■ **TASK TO COMPLETE**
Exactly as they appear below, repeat the lines from the one with "Perceeloppervlakte Timmersteek 6 Almere" through the one with "Carrefour Extra 100%". Drop every picture.

··· DATA SHOWN

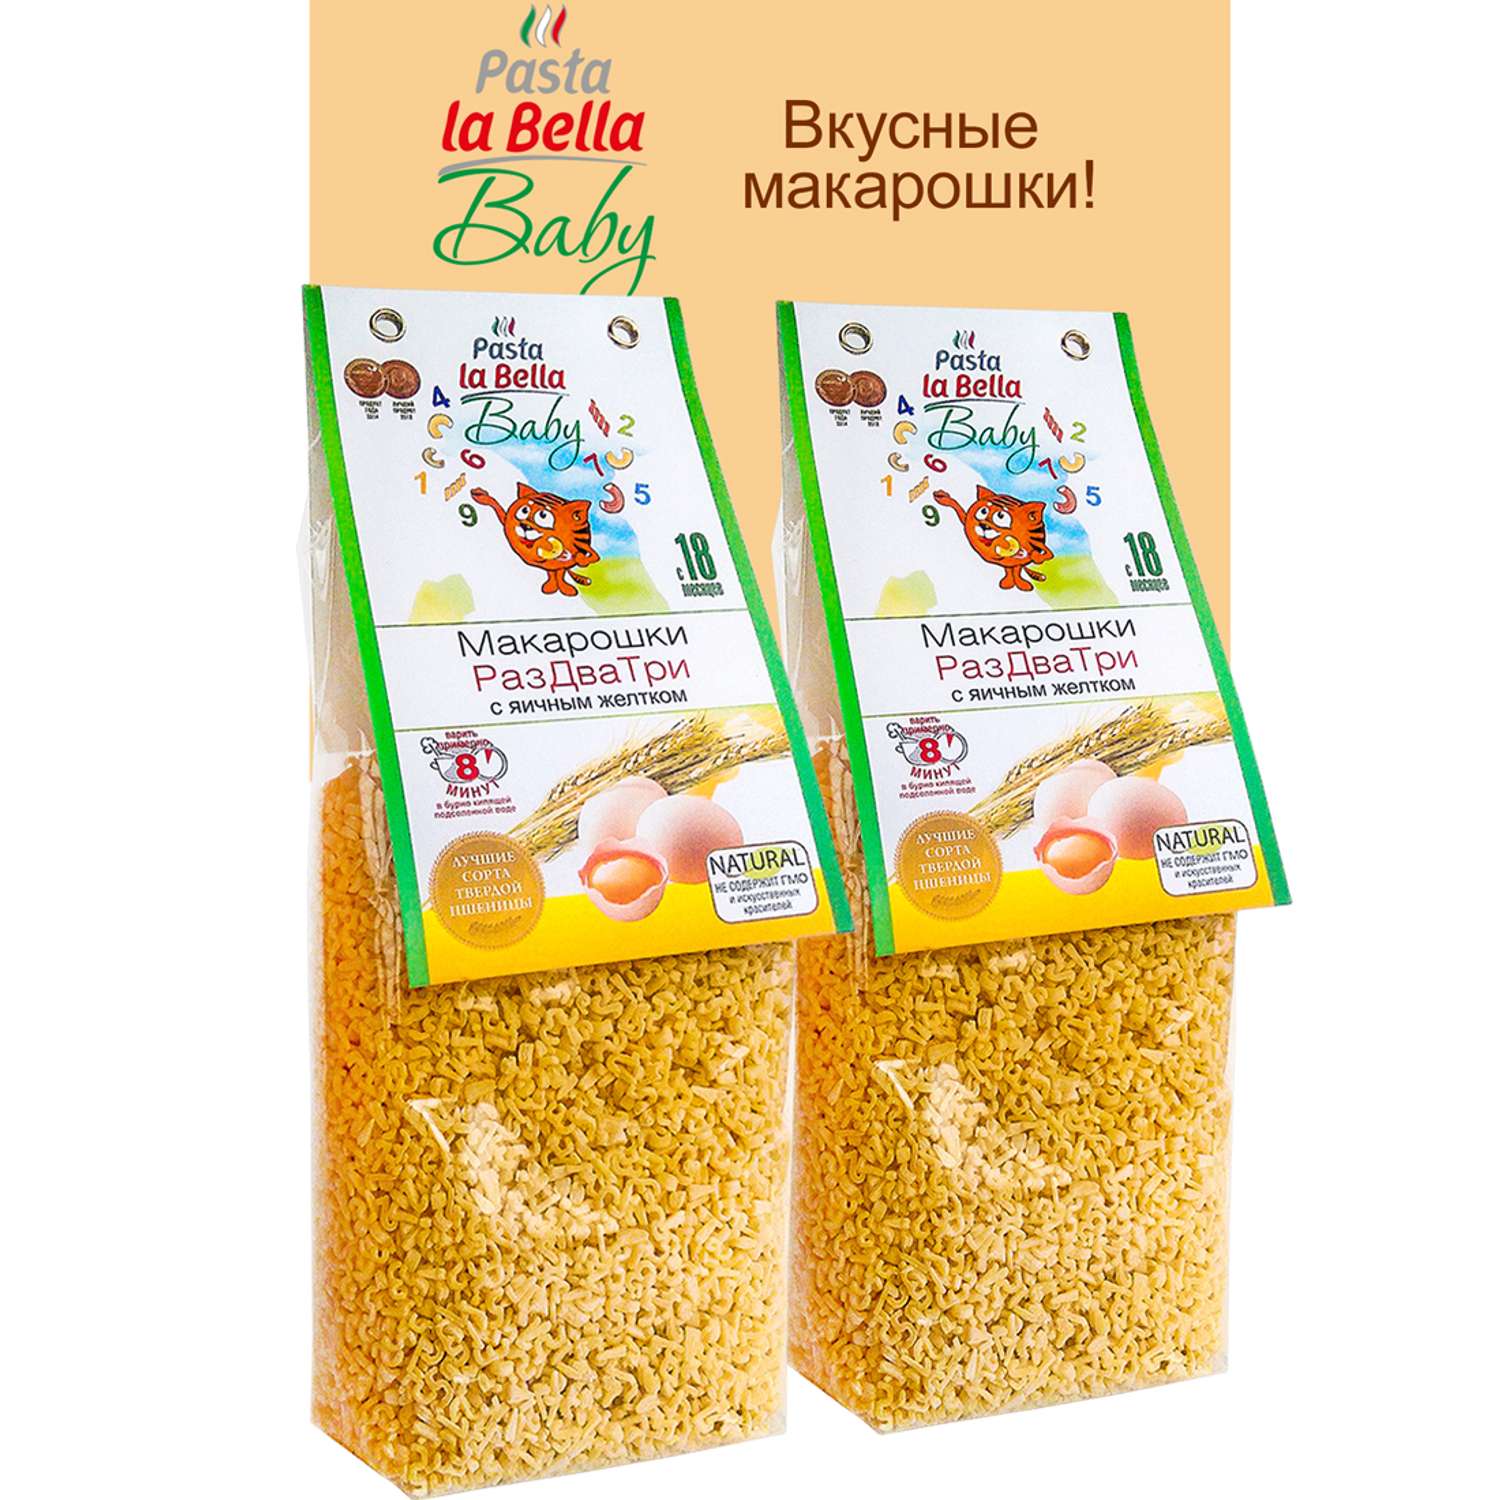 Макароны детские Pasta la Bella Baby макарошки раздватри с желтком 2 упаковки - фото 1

······
··· DATA SHOWN

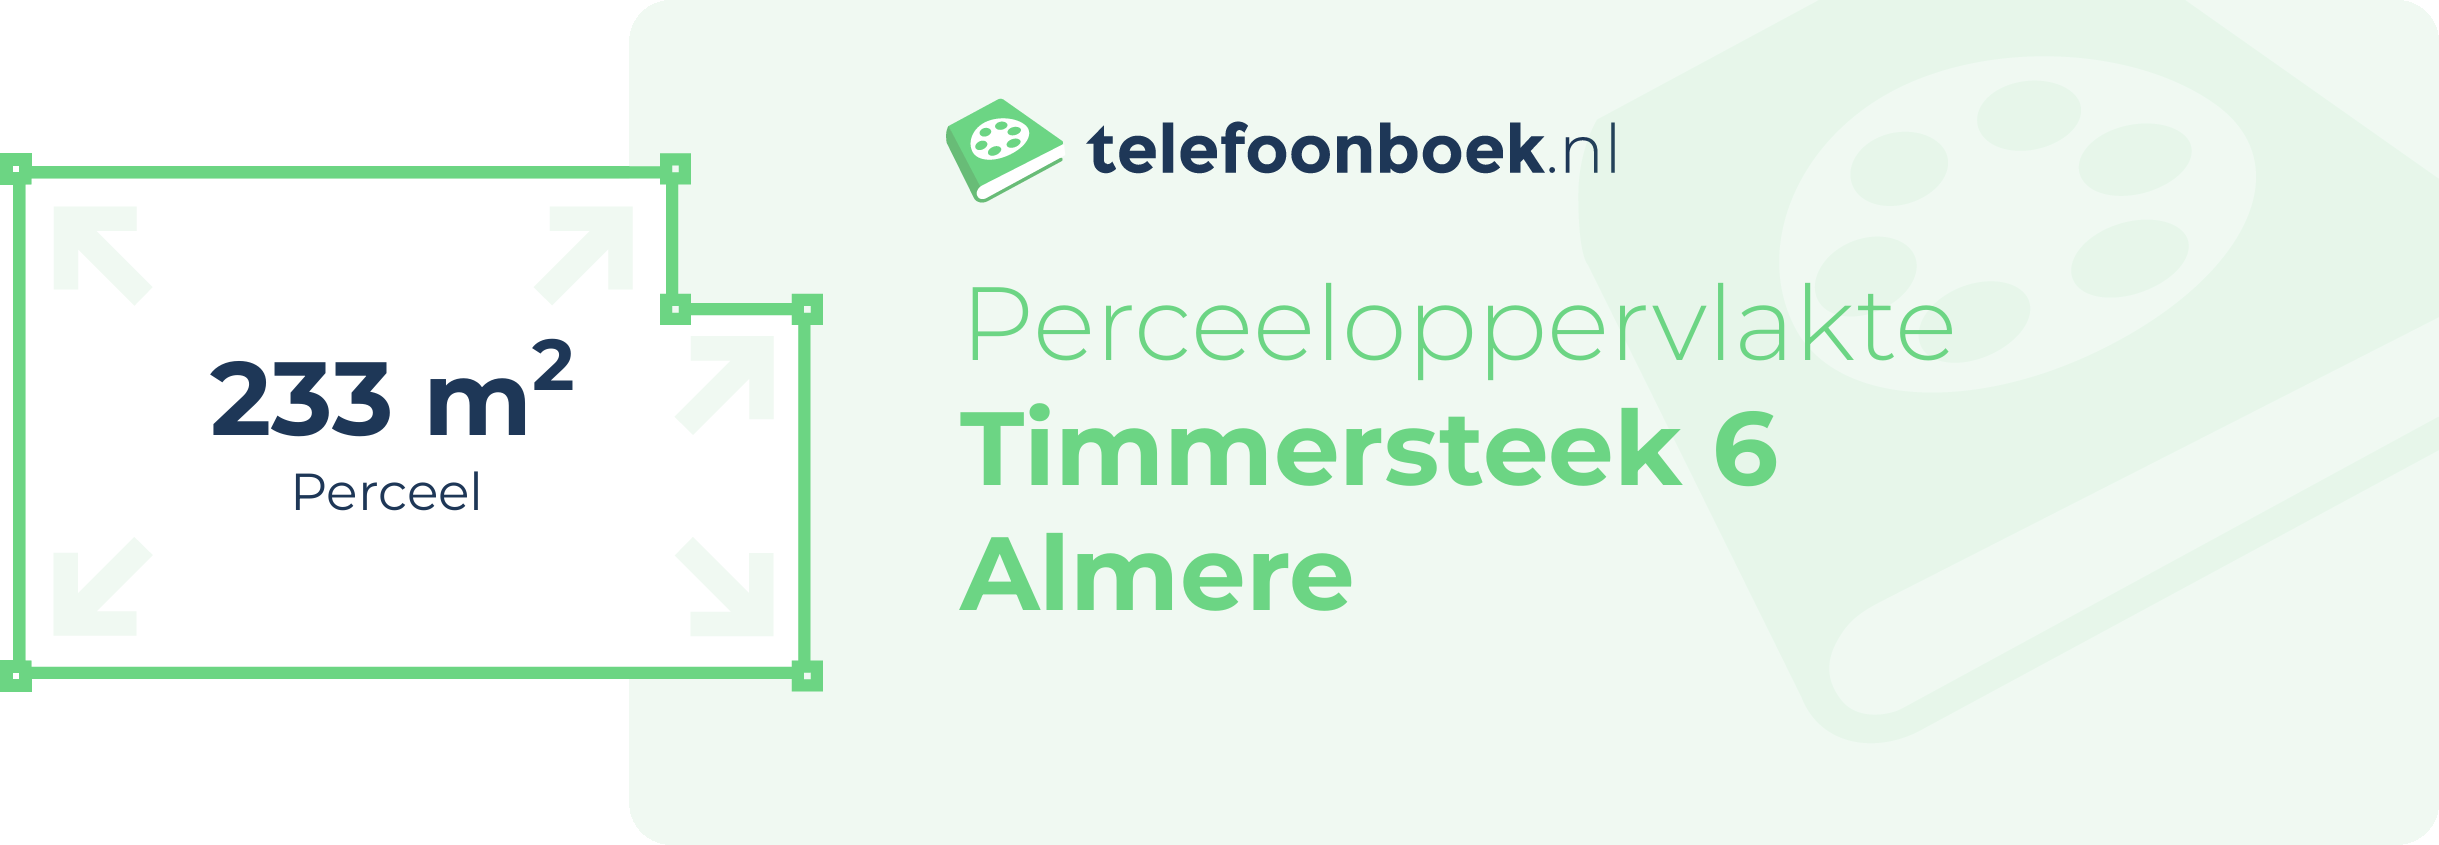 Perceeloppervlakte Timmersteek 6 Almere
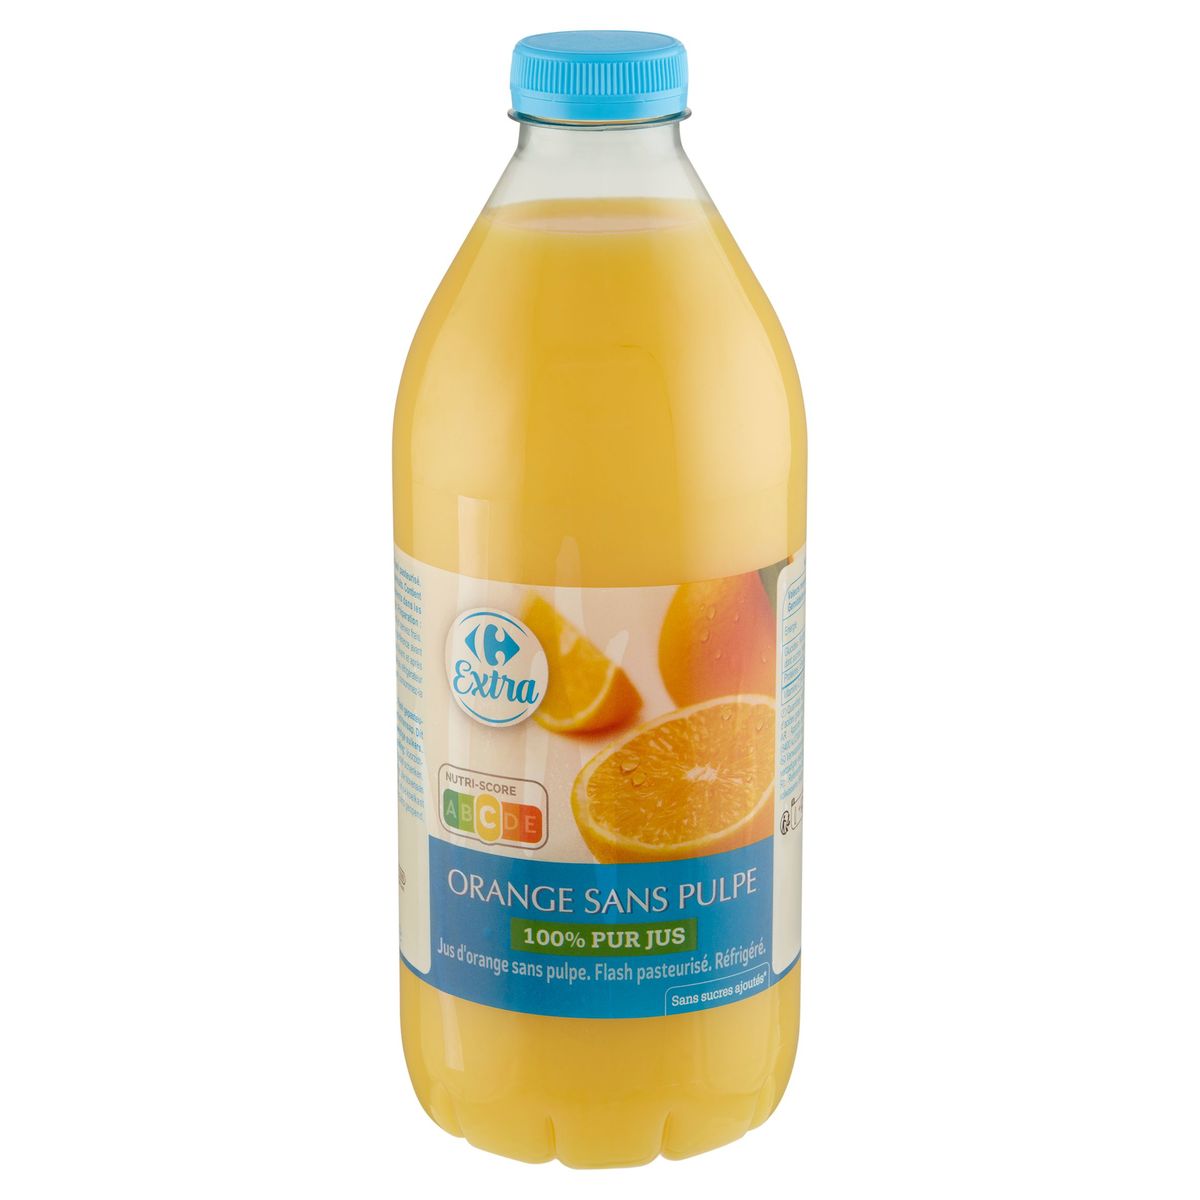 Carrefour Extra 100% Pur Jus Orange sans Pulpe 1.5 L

······

■ **OUTPUT FOR THIS EXERCISE**
 Perceeloppervlakte Timmersteek 6 Almere
 Carrefour Extra 100% Pur Jus Orange sans Pulpe 1.5 L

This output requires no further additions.